Significantly, in the 2009 Growth Assembly series of sketches, such a device turns out to be a herbicide sprayer — a vital tool for a person living in a world of complete freedom of biotechnology. The artist does not at all turn a blind eye to the potential dangers of such a future, and in the Synthetic Kingdom project she presented a number of rather frightening consequences, the prevention of which should be taken care of in advance. In Ginsberg’s view, the horizontal transfer of genes between synthetic and natural organisms can lead to the fact that microbes on the teeth will produce, for example, pigments, coloring them in bright colors, and the “genetic leak” from the bioelectronics factory to an epidemic of phosphorescent kidney stones.

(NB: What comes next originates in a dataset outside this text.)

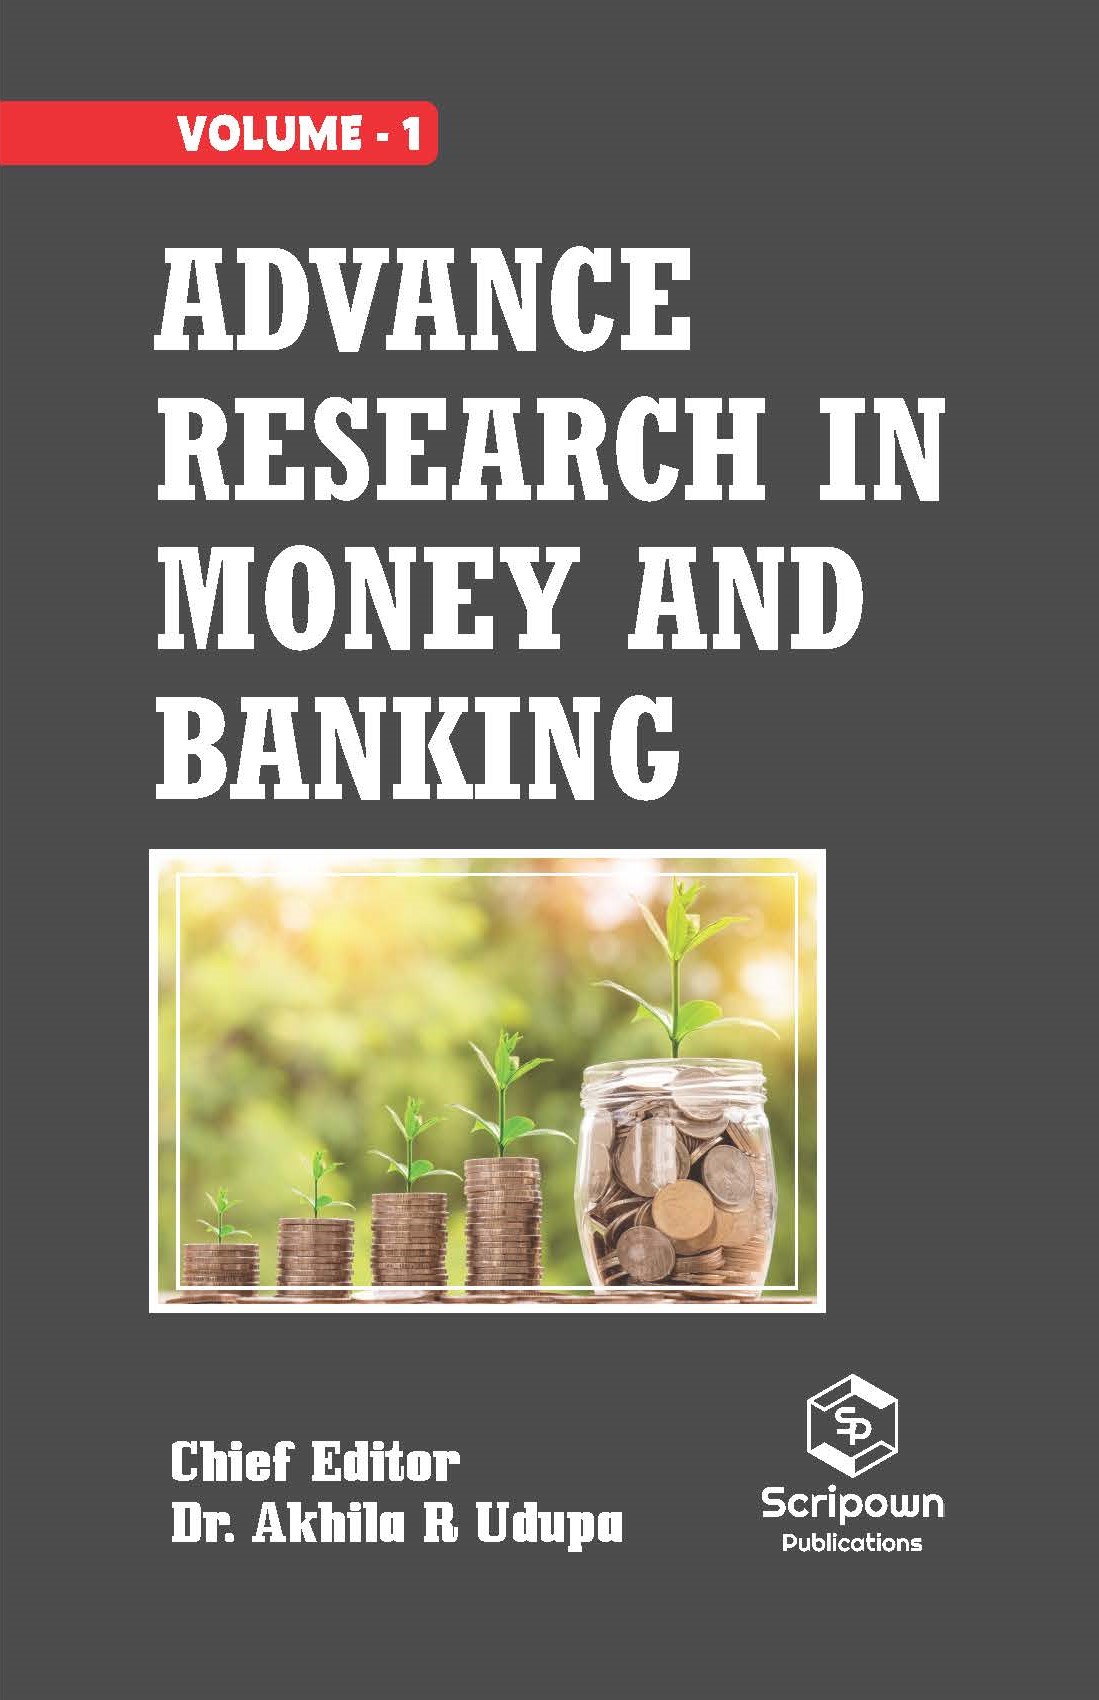 Advance Research in Money and Banking (Volume - 1)

However, this biotechnology does not stand out too much among human achievements: none of the former or existing technologies is devoid of negative side effects. The growth of modern civilization has already led to such a rapid decline in biodiversity, which scientists confidently call the Sixth Global Extinction in the history of life on Earth. But just as the previous steps in development made it possible to solve many problems caused by previous technologies, and synthetic biology is ready to “cure” the biosphere of the planet. Artificial slugs to restore the acid-base balance of the soil, artificial hedgehogs to spread seeds and even strange translucent organisms that infect plants and filter their juices to remove pathogens are another Daisy Ginsberg project and another touch of the biotech future. If you believe that progress really leads from good to better, then is is possible to agree that this is exactly what it will be.